Question

When light of wavelength 160 nm falls on a gold surface, electrons having a maximum kinetic energy of 2. 66 ev are emitted. Find values for the following

Answer 1

When the light of wavelength is falling on gold surface, the electrons begin to exchange energies.

a)The work function in eV is Φ =5.097 eV.

b) The cut-off wavelength is λ₀ = 243.71 nm

c) The frequency is ν₀  =1.231 × 10¹⁵ Hz

What is work function?

The energy needed for a particle to escape and break through the surface.

The kinetic energy of the light emitted is 2.66 eV and wavelength of the light is 160 nm = 160 × 10⁻⁹ m.

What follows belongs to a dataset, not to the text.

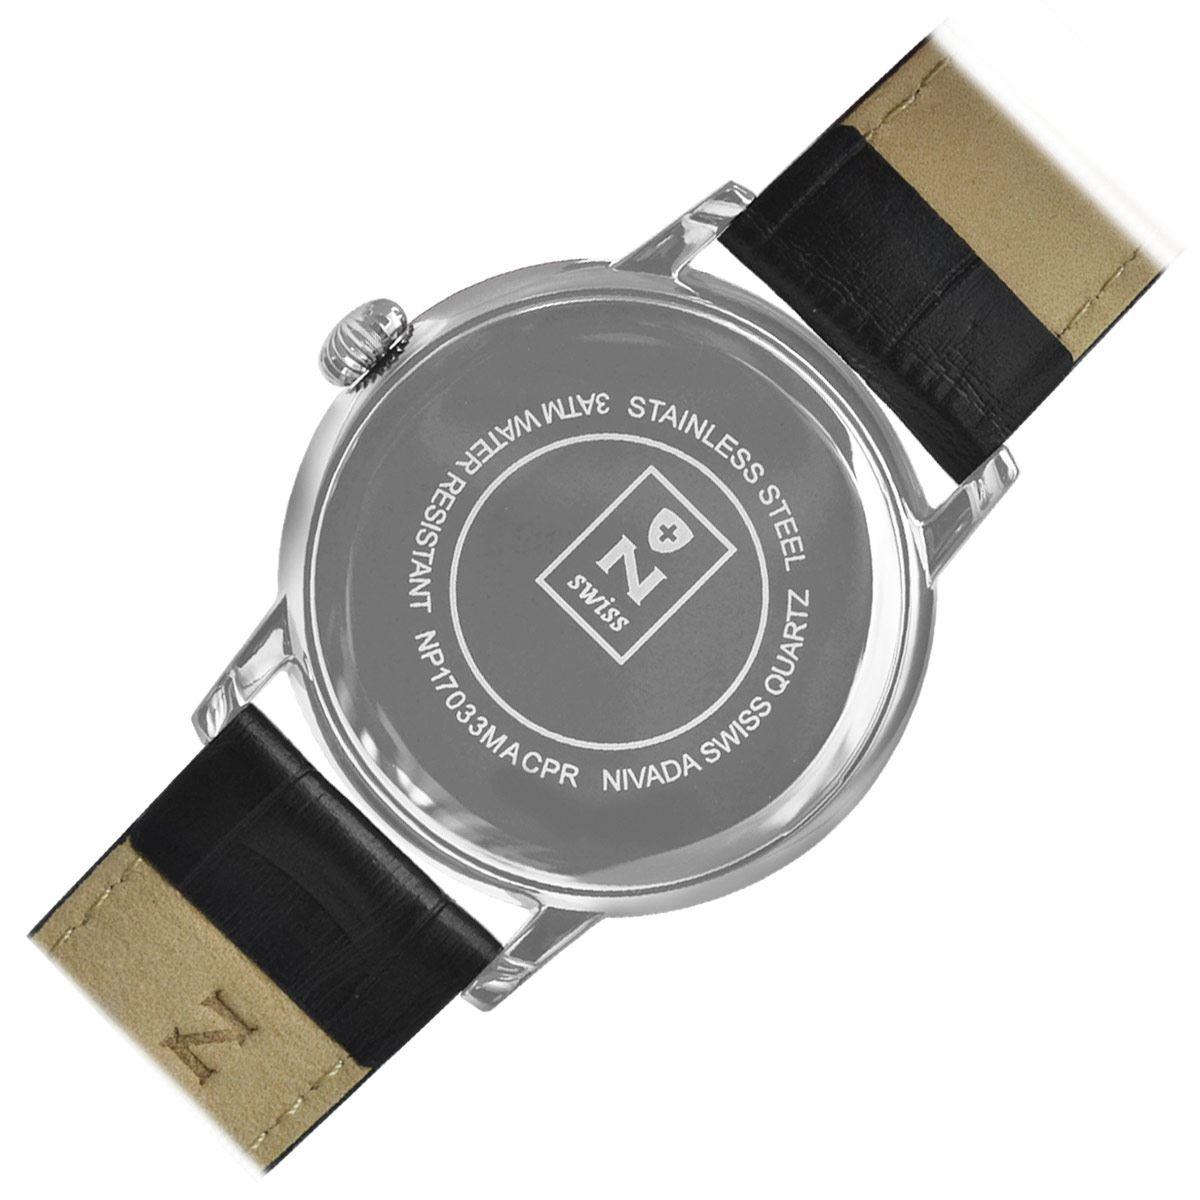 Reloj Nivada NP17033MACPR Caballero

a) The work function of the gold for given maximum kinetic energy is

Φ = hc / λ  - K.Emax

Substituting 6.626 × 10⁻³⁴ J.s for h, 3 × 10⁸ m/s for c and 2.66 eV for K.Emax, work function will be

Φ =8.16 × 10⁻¹⁹ J

1 eV = 1.6 × 10⁻¹⁹

The work function in eV is Φ =5.097 eV.

b) The cutoff wavelength is related to work function as

λ₀ = hc / Φ

Substitute the corresponding values into the equation, we get the cut off wavelength

λ₀ = 243.71 nm

c) The frequency corresponding to the cut-off wavelength is

ν₀ = c / λ₀

Substitute the corresponding values into the equation, we get the frequency,

ν₀  =1.231 × 10¹⁵ Hz

Therefore, the values for the following are

a)The work function in eV is Φ =5.097 eV.

b) The cut-off wavelength is λ₀ = 243.71 nm

c) The frequency is ν₀  =1.231 × 10¹⁵ Hz

Learn more about wave function.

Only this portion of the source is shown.